• **TASK PROMPT**
Print the listing below exactly, minus its pictures.
[[ DATA BELOW open ]]
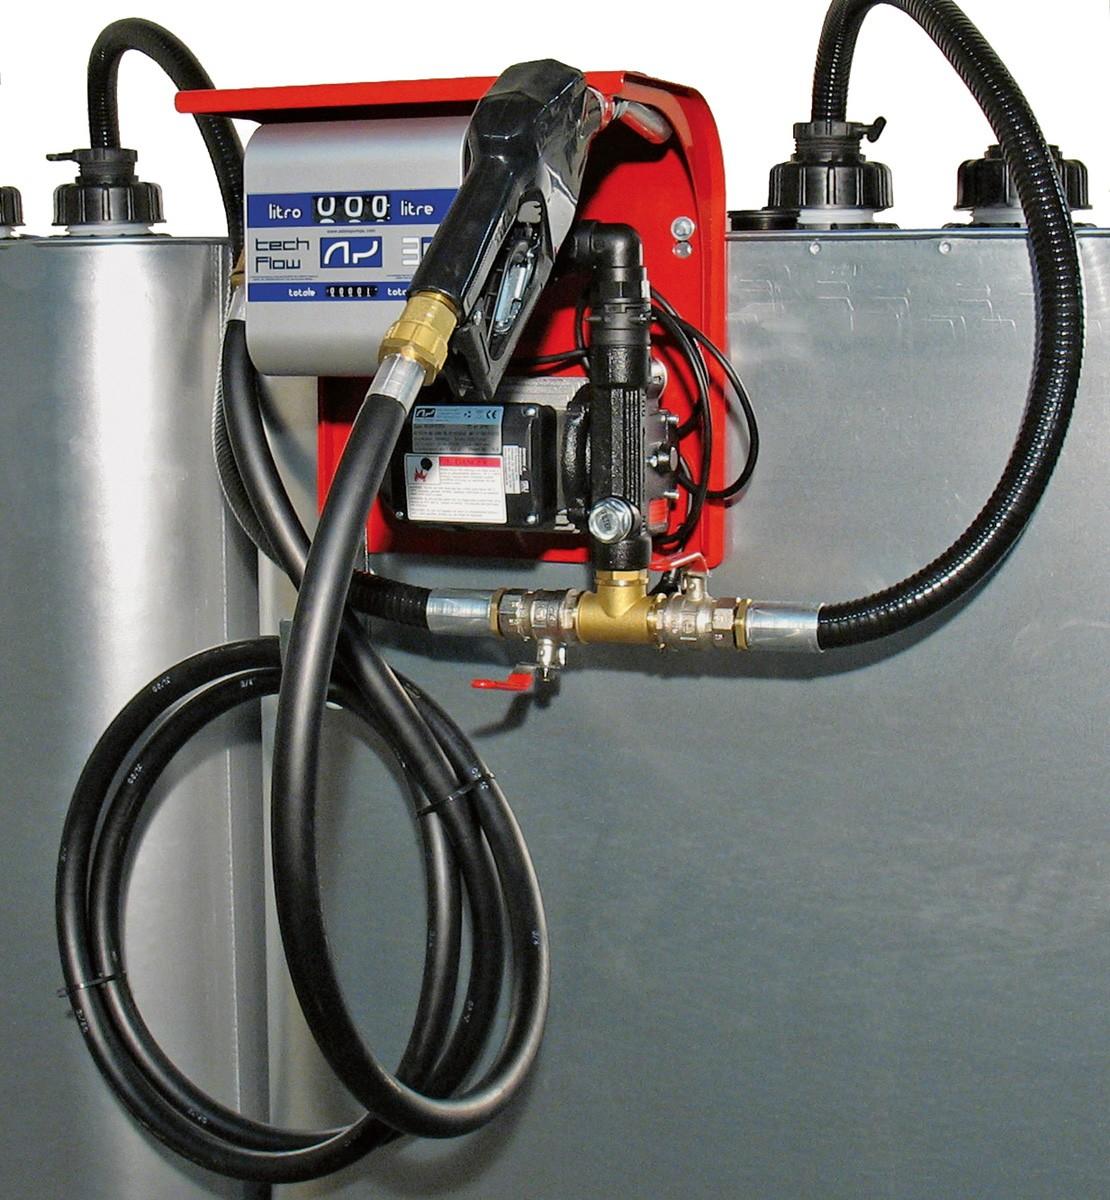 Kugelhahn Dieselpumpe Tankstelle Tanken Hoftankstelle Dieseltank Tank Dieseltank
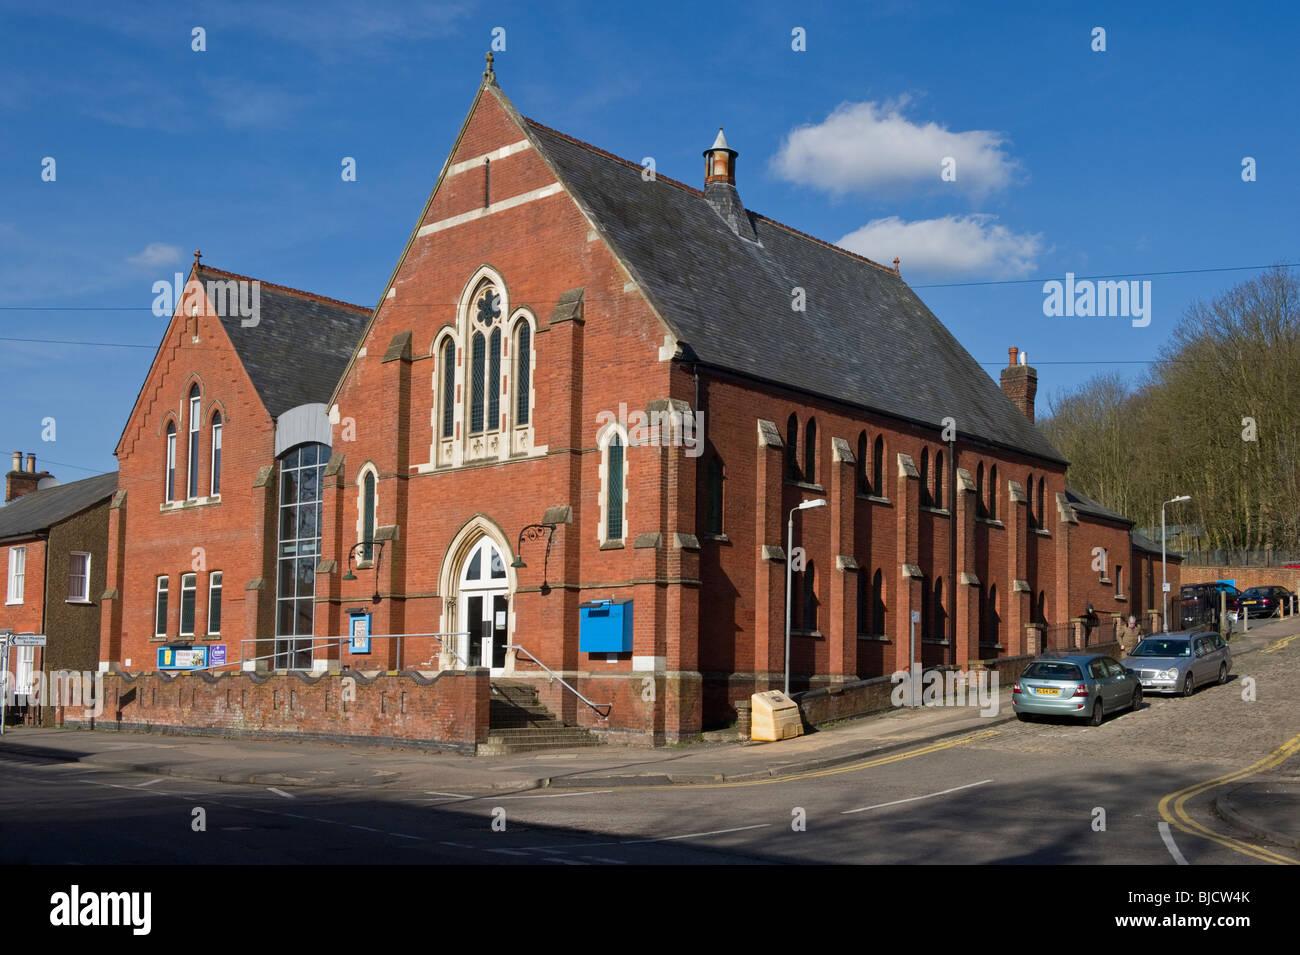 Trinity Baptist church a traditional red brick built church, an ecclesiastical church building  in Chesham Buckinghamshire - Stock Image
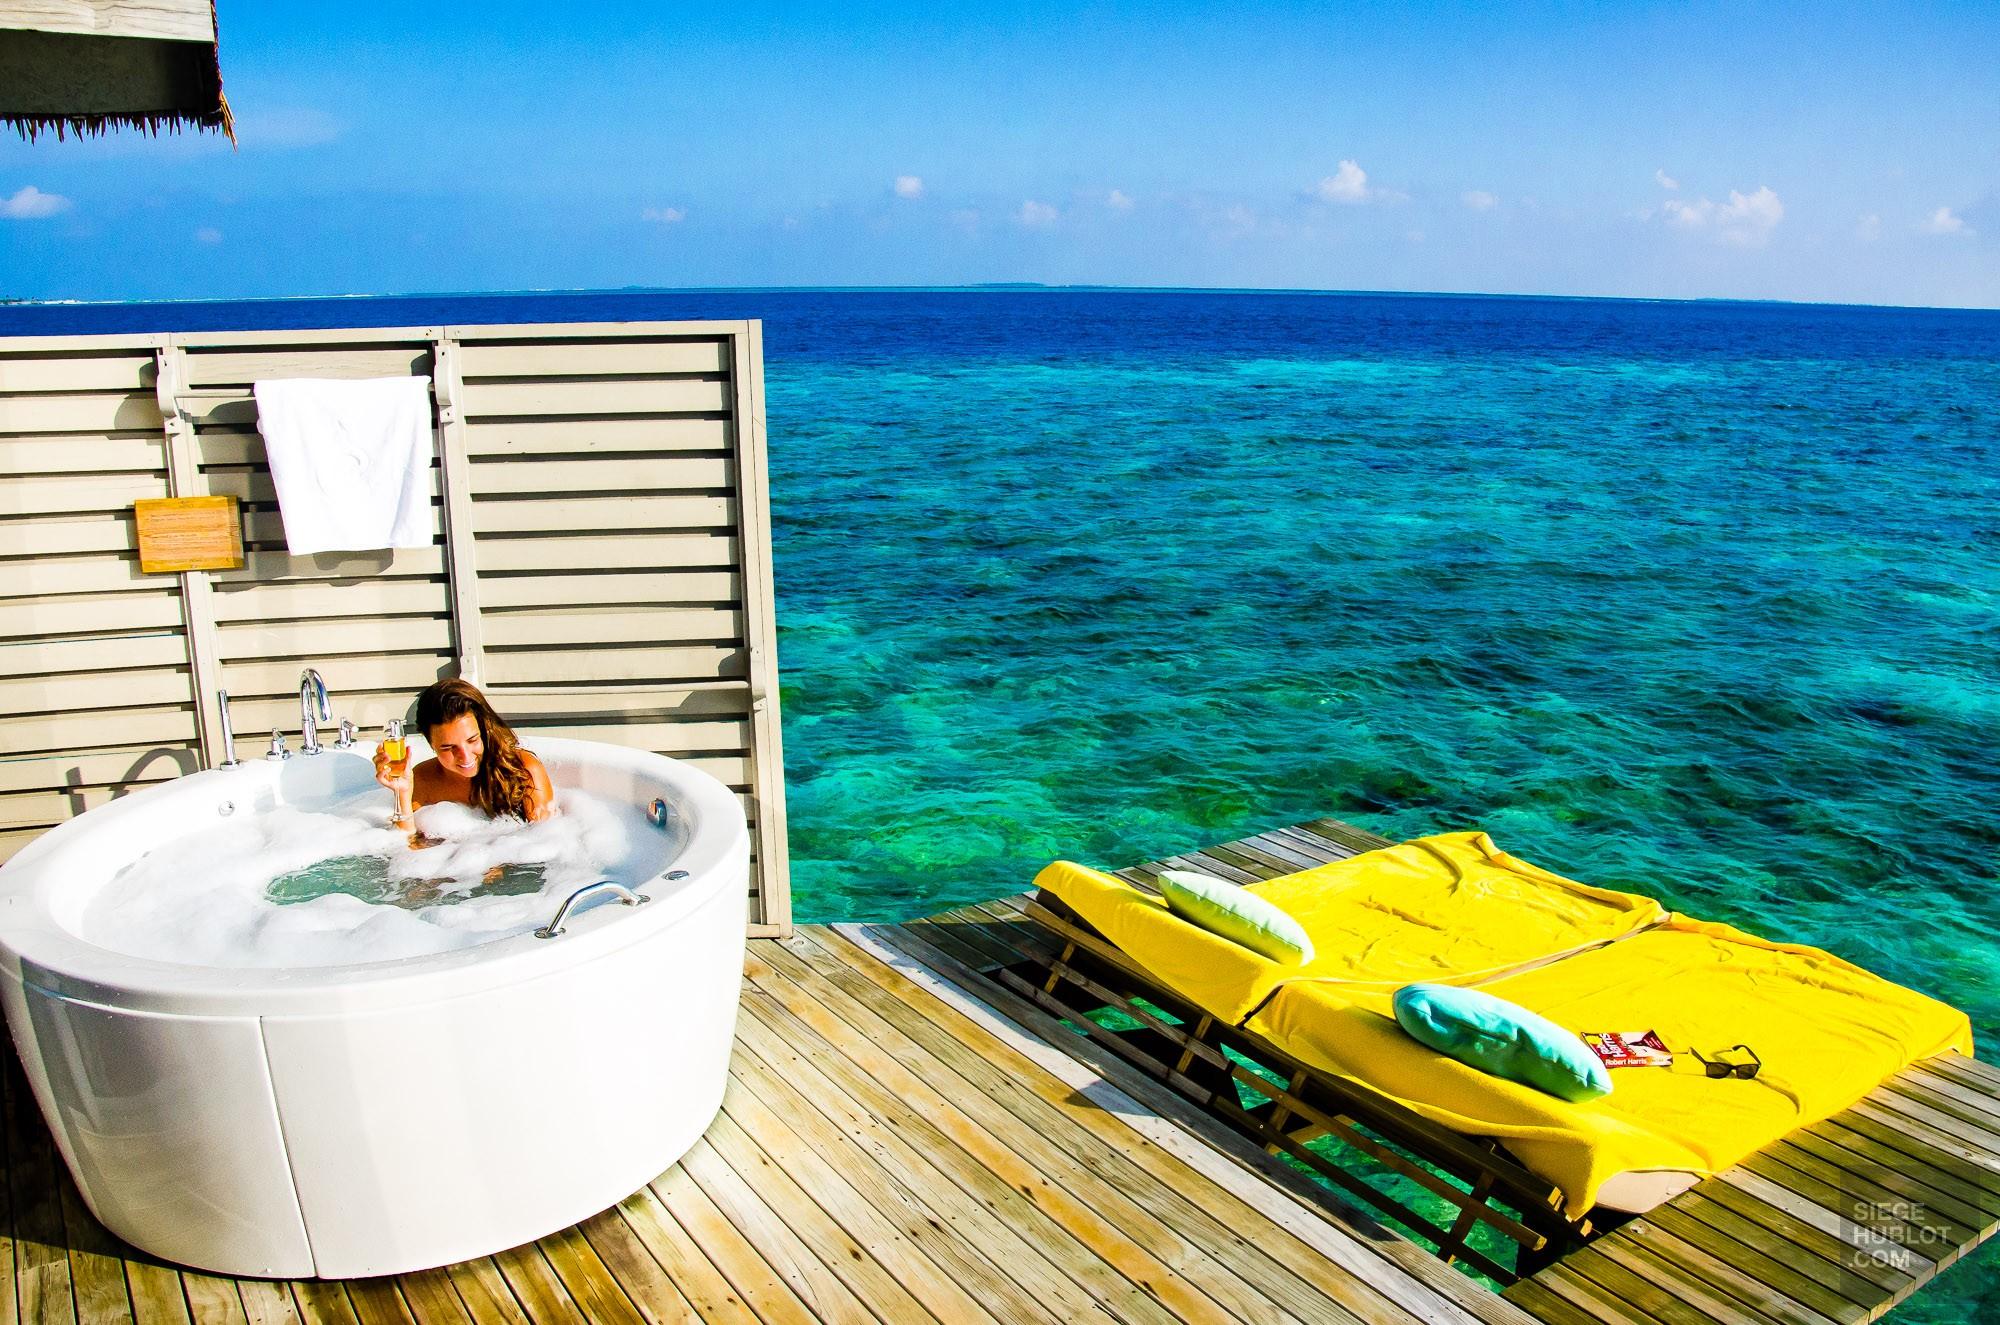 Bain tourbillon mer - Centara ras fushi - Les Maldives, le grand luxe en plein ocean Indien. - Asie, Maldives
[[ DATA BELOW closed ]]
• **EXERCISE RESULT**
 Kugelhahn Dieselpumpe Tankstelle Tanken Hoftankstelle Dieseltank Tank Dieseltank
 Trinity Baptist church a traditional red brick built church, an ecclesiastical church building  in Chesham Buckinghamshire - Stock Image
 Bain tourbillon mer - Centara ras fushi - Les Maldives, le grand luxe en plein ocean Indien. - Asie, Maldives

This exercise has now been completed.